If you ever dreamed of making your own recordings or fiddling around with sound on your computer, then this article is just for you.
This article intends to be educational. It hopes to provide the
reader with a basic knowledge of sound and sound processing. Of
course music is one of our concerns but all in all, it is just some
noise among other less pleasant sounds.
First the physical concepts of sound are presented together with the way the human ear interprets them. Next, signals will be looked at, i.e. what sound becomes when it is recorded especially with modern digital devices like samplers or computers.
Last, up to date compressions techniques like mp3 or Ogg vorbis will be presented.
The topics discussed in this paper should be understandable by a large audience. The author tried hard to use "normal terminology" and particularly terminology known to musicians. A few mathematical formulas pop up here and there within images, but do not matter here (phew! what a relief...).
Physically speaking, sound is the mechanical vibration of any
gaseous, liquid or solid medium. The elastic property of the
medium allows sound to propagate from the source as waves, exactly
like circles made by a stone dropped in a lake.
Every time an object vibrates, a small proportion of its energy is lost in the surroundings as sound. Let us say it right now, sound does not propagate in a vacuum.
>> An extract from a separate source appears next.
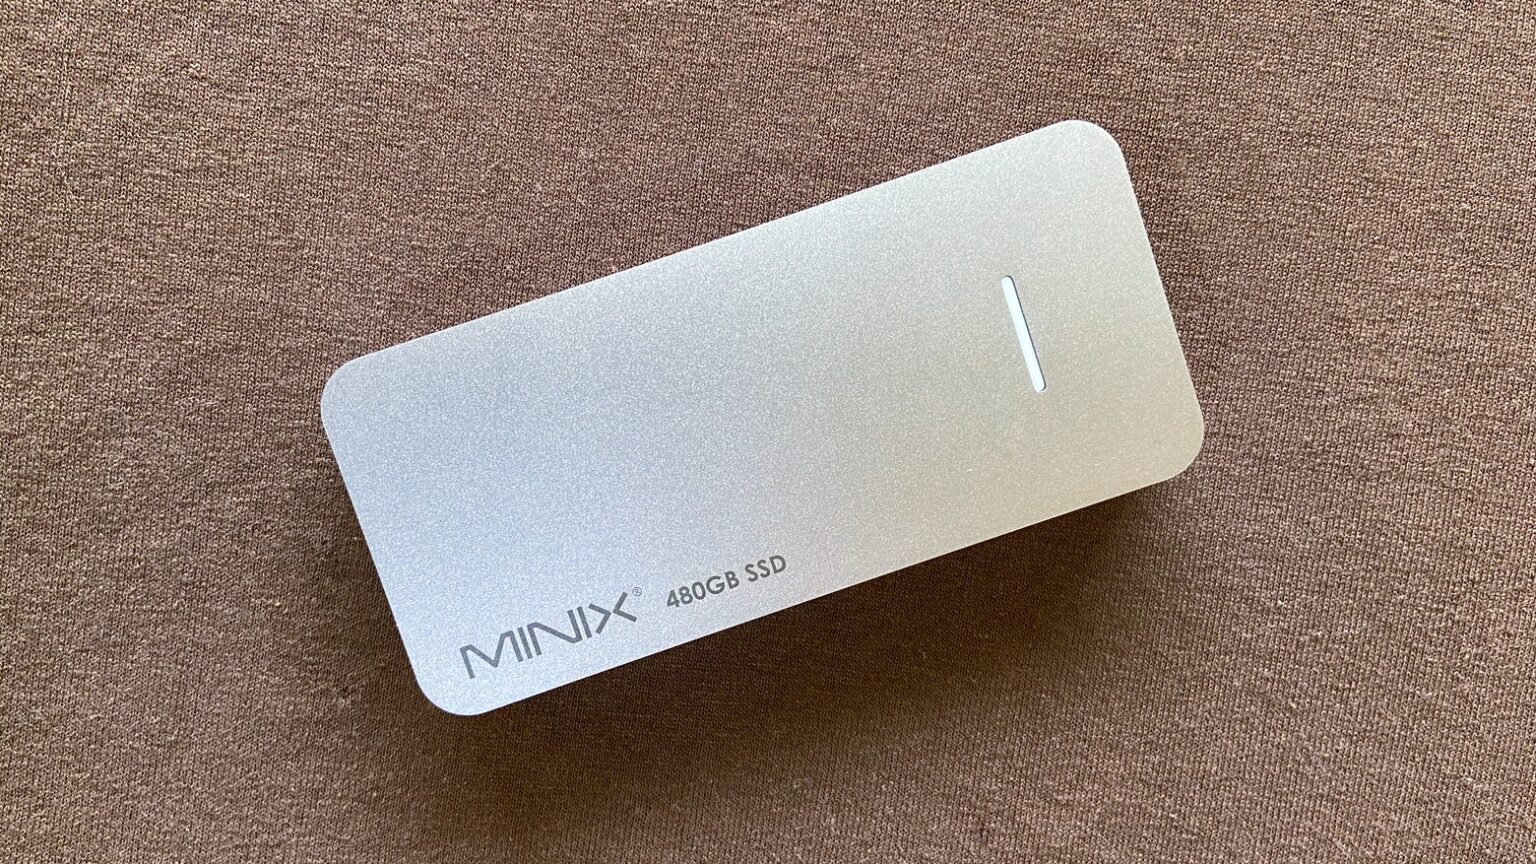 Minix Neo Storage Plus review
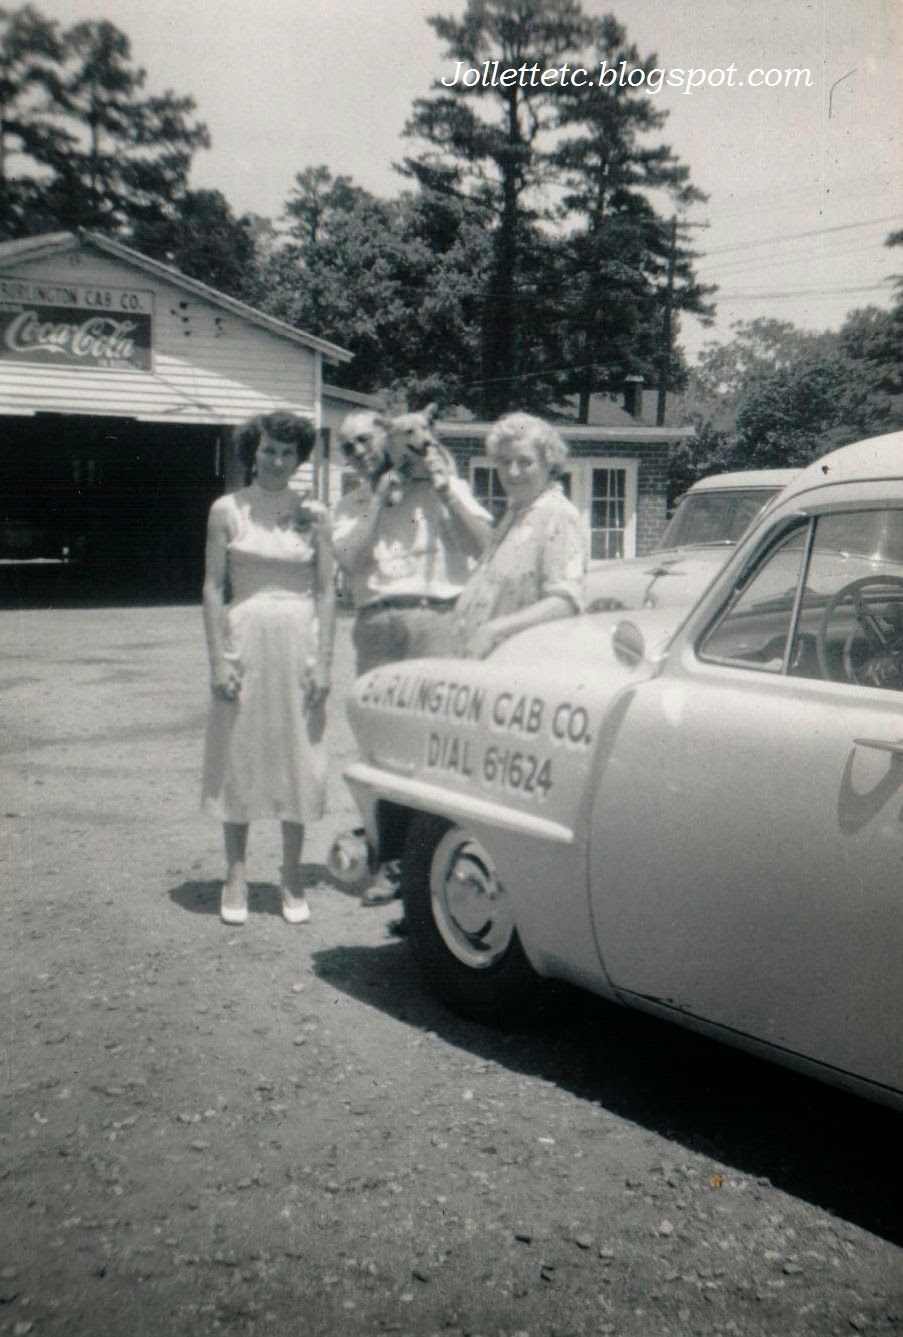 Burlington Cab Company 1956

Figure 1a shows how a stylus connected to a vibrating source, like a speaker for example, converts to a wave when a band of paper moves under it.
|z: Vibrating stylus of amplitude
x: band speed at speed c
w: Resulting wave
Figure 1a: Vibrating stylus on a moving paper band
As far as air is concerned, sound propagates as a pressure
variation. A loudspeaker transmits pressure variations to the air
around it. The compression (weak) propagates through the air.
Please note that only the pressure front moves, not the air. For
the circles in water mentioned earlier, waves do move whereas
water stays in the same place. A floating object only moves up and
down. This is why there is no "wind" in front of the loudspeaker.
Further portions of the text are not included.